The Georgia Bulletin

Wed, Jul 9, 2008


What I Have Seen and Heard - Archbishop Gregory's Weekly Column

Print Issue: October 20, 1983

CHD Funding, Project Aims To Stop Tax On Food

By Gretchen Keiser

A group working to exempt food and medicine from Georgia sales tax has received $25,000 in funds from the national Campaign for Human Development.

The money has gone to the Georgia Citizens Coalition on Hunger, a non-profit group based in Atlanta and concerned with the plight of poor families and with legislation and budget decisions that adversely affect the poor.

That focus has led to the sales tax exemption project, which addresses the particular hardship endured by the poor who are spending a very high percentage of income on necessities and, as a result, are losing a critical part of their income to sales taxes on needed items like food and medicine.

Georgia is believed to be the only state in the nation that does not make some provision to provide low-income people with sales tax relief, said Sandra Robertson, executive director of the Coalition. Some states automatically exempt food or all grocery store items from sales tax, she said. Others provide a section on the state income tax return to take a tax credit for money already expended in sales tax.

While a sales tax on the surface may seem to be a fair tax that hits everybody at the same rate, that is not the way it affects different income groups, she pointed out. The sales tax is considered a regressive tax because it makes no distinction between those who are middle- and upper-income and those who are low-income. Whichever group you fall into, if you live in Atlanta five cents of every food dollar is spent on sales tax.

Ms. Robertson estimated that low-income families spend 40-50 percent of their income and up on food. As a family’s income increases and they move into middle- and upper-income groups the proportion of their income spent on food decreases.

This equation squeezes the poor without exception, she noted; even those who use the federal Food Stamp program to buy food pay a sales tax on food. At a time of increasing hunger problems in the state, “placing a tax on food only contributes to the problem, it doesn’t diminish it,” she said.

The funding from the Campaign for Human Development will provide a portion of the support needed to launch an educational and legislative lobbying campaign statewide on this issue. A wide variety of organizations in Georgia, including the League of Women Voters, labor organizations and educational organizations and low-income advocacy groups, have shown interest in supporting the exemption as part of a broad effort to reform the state structure.
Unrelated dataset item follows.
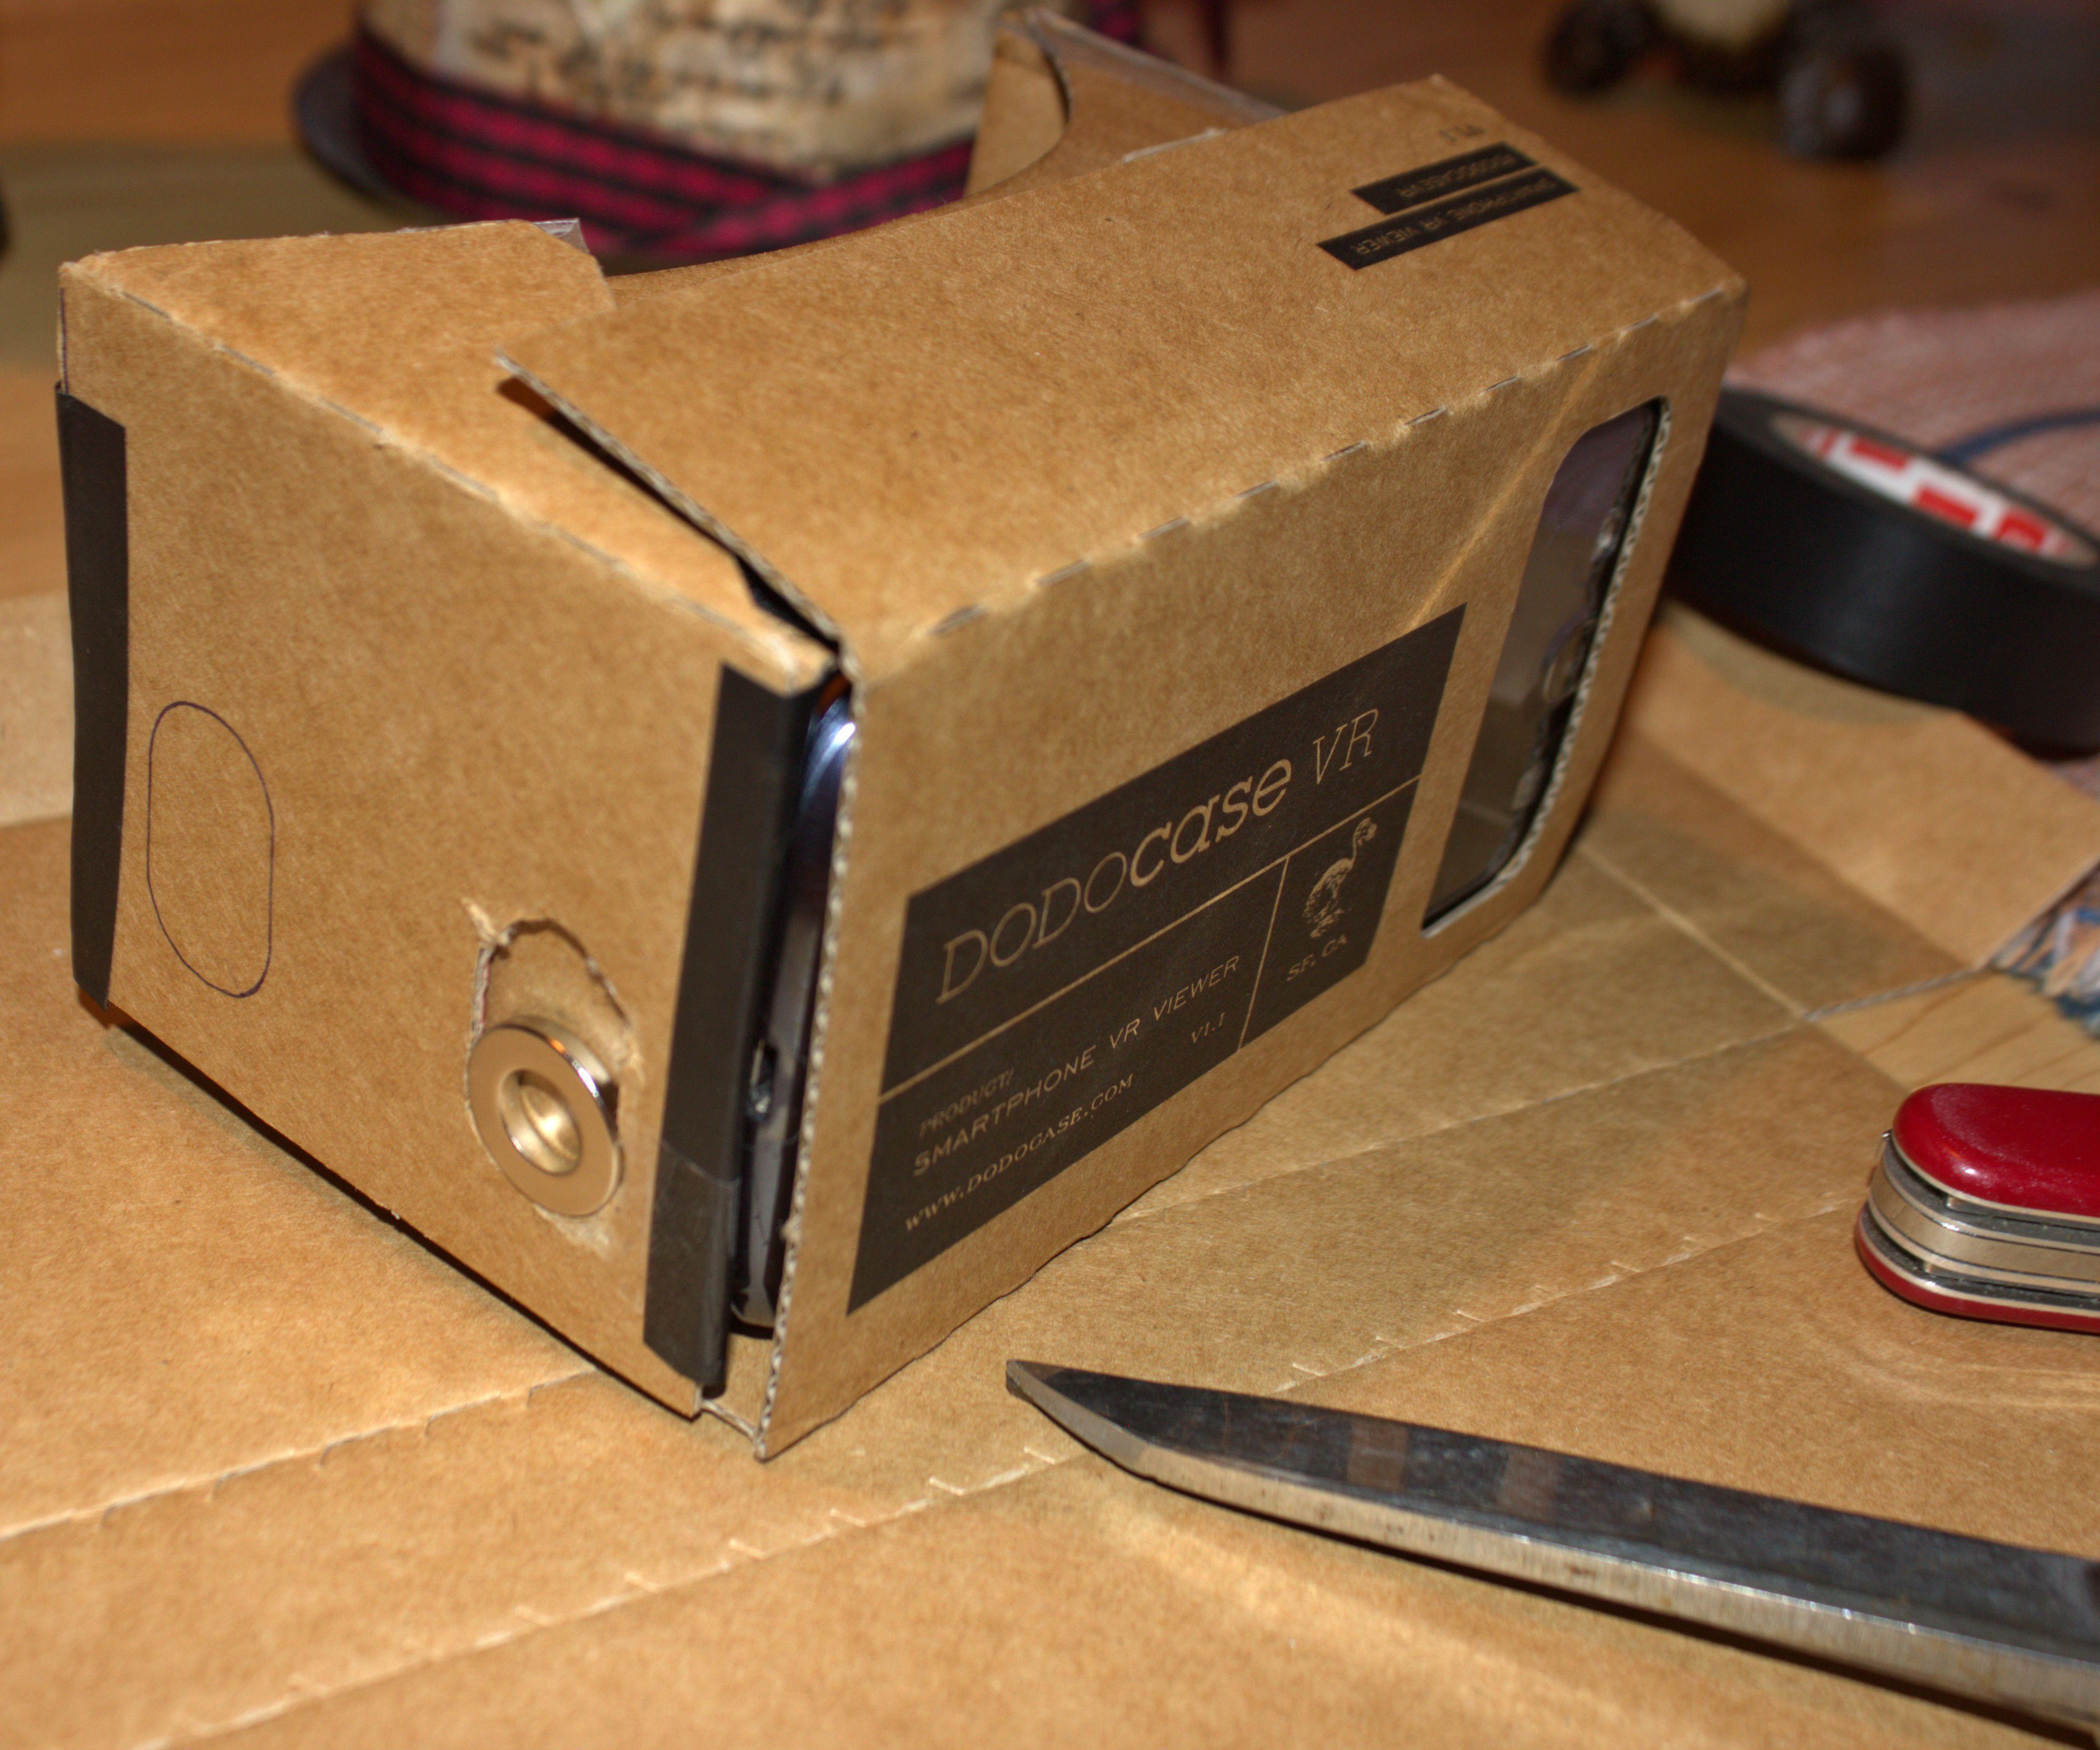 Make the DODOcase VR / Google Cardboard Switch Work - Samsung Galaxy S3 Phone
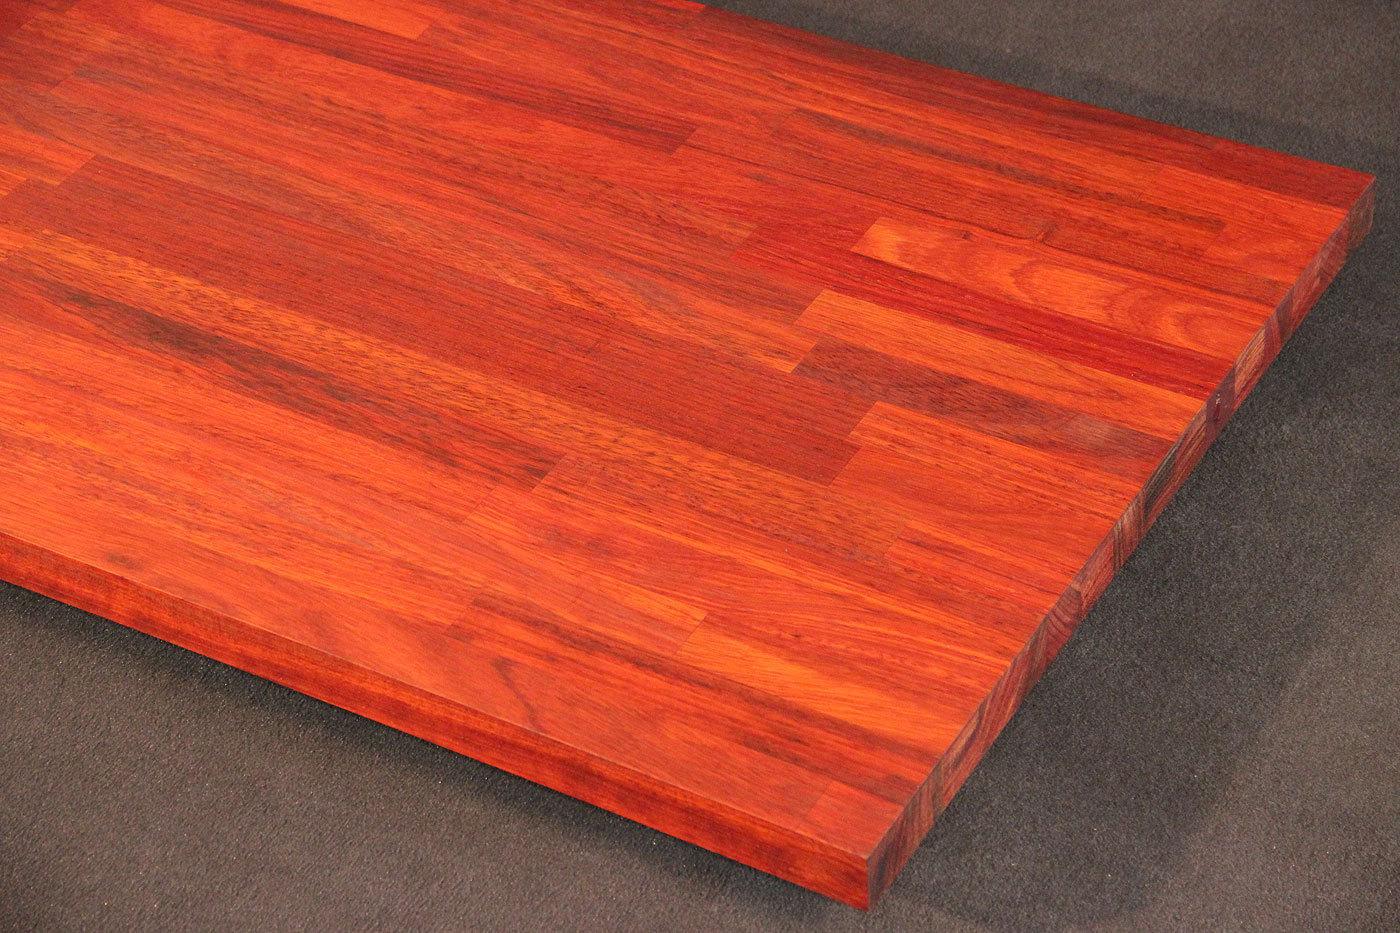 arbeitsplatte k chenarbeitsplatte massivholz padouk 40 4100 650. Black Bedroom Furniture Sets. Home Design Ideas

Ms. Robertson emphasized that the Coalition and the other groups who are coalescing around the issue of tax reform are not simply proposing that the state lose the money it now receives in sales tax on food and medicine.

They also plan to make specific proposals as to ways the state can recoup the lost funds through other areas of tax reform. Specifically, the groups is looking into the increased revenue that could be provided if Georgia income tax brackets were revised to tax graduated incomes over $10,000, rather than applying a flat six percent rate to all incomes over $10,000 as is done at present. Another proposal being examined is the possibility of instituting a severance tax on the state’s irreplaceable natural resources, such as kaolin, to compensate the state financially for the loss of valuable minerals permanently lost through mining.

The amount of money that is expected to be lost in sales tax annually through the exemption of food and medicine is $200 million and so the group will continue to search for ways to generate at least that amount through other areas of tax reform, Ms. Robertson said.

“We support a strong tax base” for the state, she said. “We don’t want to see any services diminished,” but would like to see the state be able to expand the services it provides.

Funding for the Campaign for Human Development comes through a once-a-year national collection, which is disbursed through local offices and through the national office in Washington, D.C. It is intended to support social justice efforts that not only affect the poor, but also involve them in the process of change.